Energy markets worldwide, in particular across North America, are undergoing foundational changes that have created significant investment opportunities for companies with Emera’s experience and capabilities. Key trends contributing to these investment opportunities include: aging infrastructure, lower-cost natural gas, growing demand for new electric heating and cooling solutions, the requirement for large-scale transmission projects to deliver new energy sources to customers, and environmental concerns.
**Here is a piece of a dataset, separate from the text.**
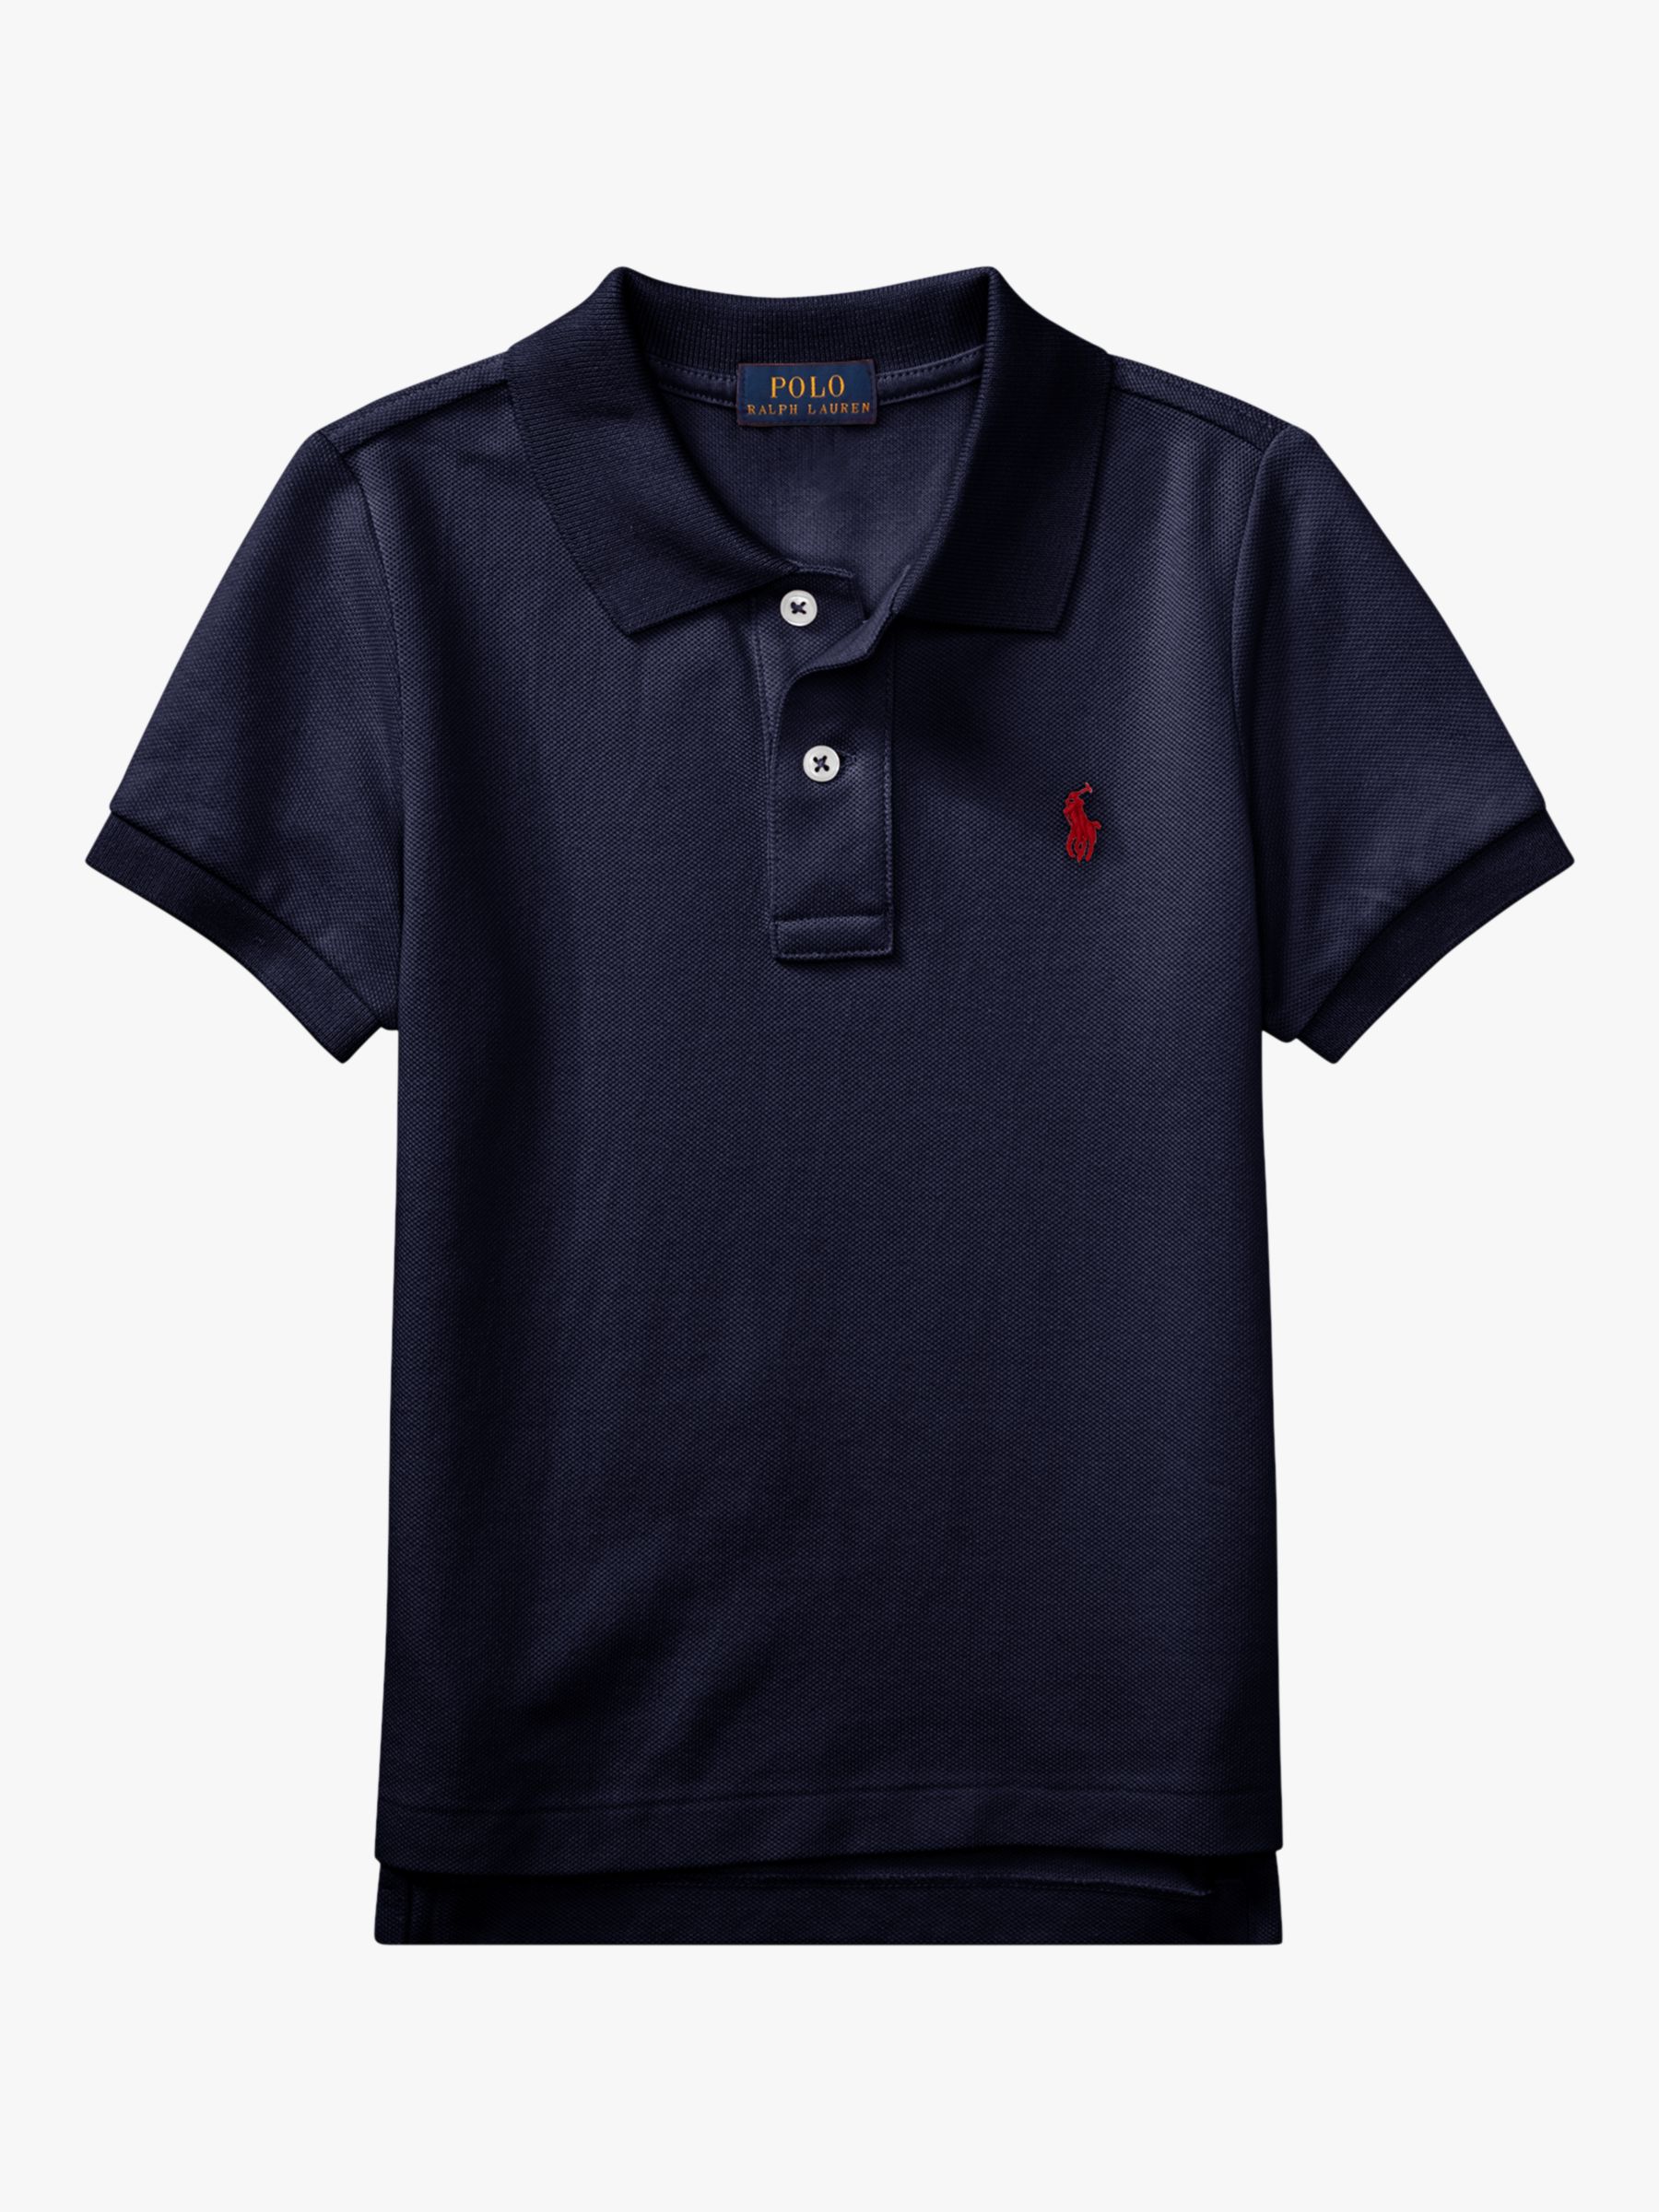 Polo Ralph Lauren Boys' Polo Shirt at

These environmental concerns include a desire to reduce emissions of carbon dioxide and other greenhouse gases and the potential effect of climate change, including changes in global and regional weather patterns, changes in the frequency and intensity of extreme weather events, and rising sea levels. At the core of Emera’s utilities strategy is identifying opportunities to invest in the transition from higher-carbon methods of electricity generation to lower-carbon alternatives, and the related transmission and distribution infrastructure to deliver that energy to market.

While it is still unclear whether economic volatility, government policy and lower fossil fuel prices will slow the pace of transformation, its impact on the sector continues to be felt in the form of mandated and incented carbon reductions throughout eastern North America and in the Caribbean. As such, investment in wind, solar, and hydro generation, natural gas and new transmission infrastructure is likely to continue across the sector despite any cost differential with more carbon-intensive generating options. The capital spending requirements related to these investments will need to be managed within the context of overall energy pricing.

In Florida, the Company is evaluating a number of initiatives, including transmission and solar generation that would reduce carbon emissions. NSPI has invested in wind energy, biomass and hydroelectricity and is on track to meet a minimum 40 per cent renewable standard by 2020. In the Caribbean, Emera is similarly focused on introducing cleaner generation alternatives, with an emphasis on affordability and fuel cost stability for its customers.

Emera is investing in electricity transmission to deliver new renewable energy to market. Emera’s ownership in the Maritime Link Project will contribute to the transformation of the electricity market in the Atlantic provinces, enabling growth in the availability of clean, renewable energy for the region. In addition, the Atlantic provinces will benefit from enhanced connection to the northeastern United States, providing potential for excess renewable energy to be delivered throughout that region.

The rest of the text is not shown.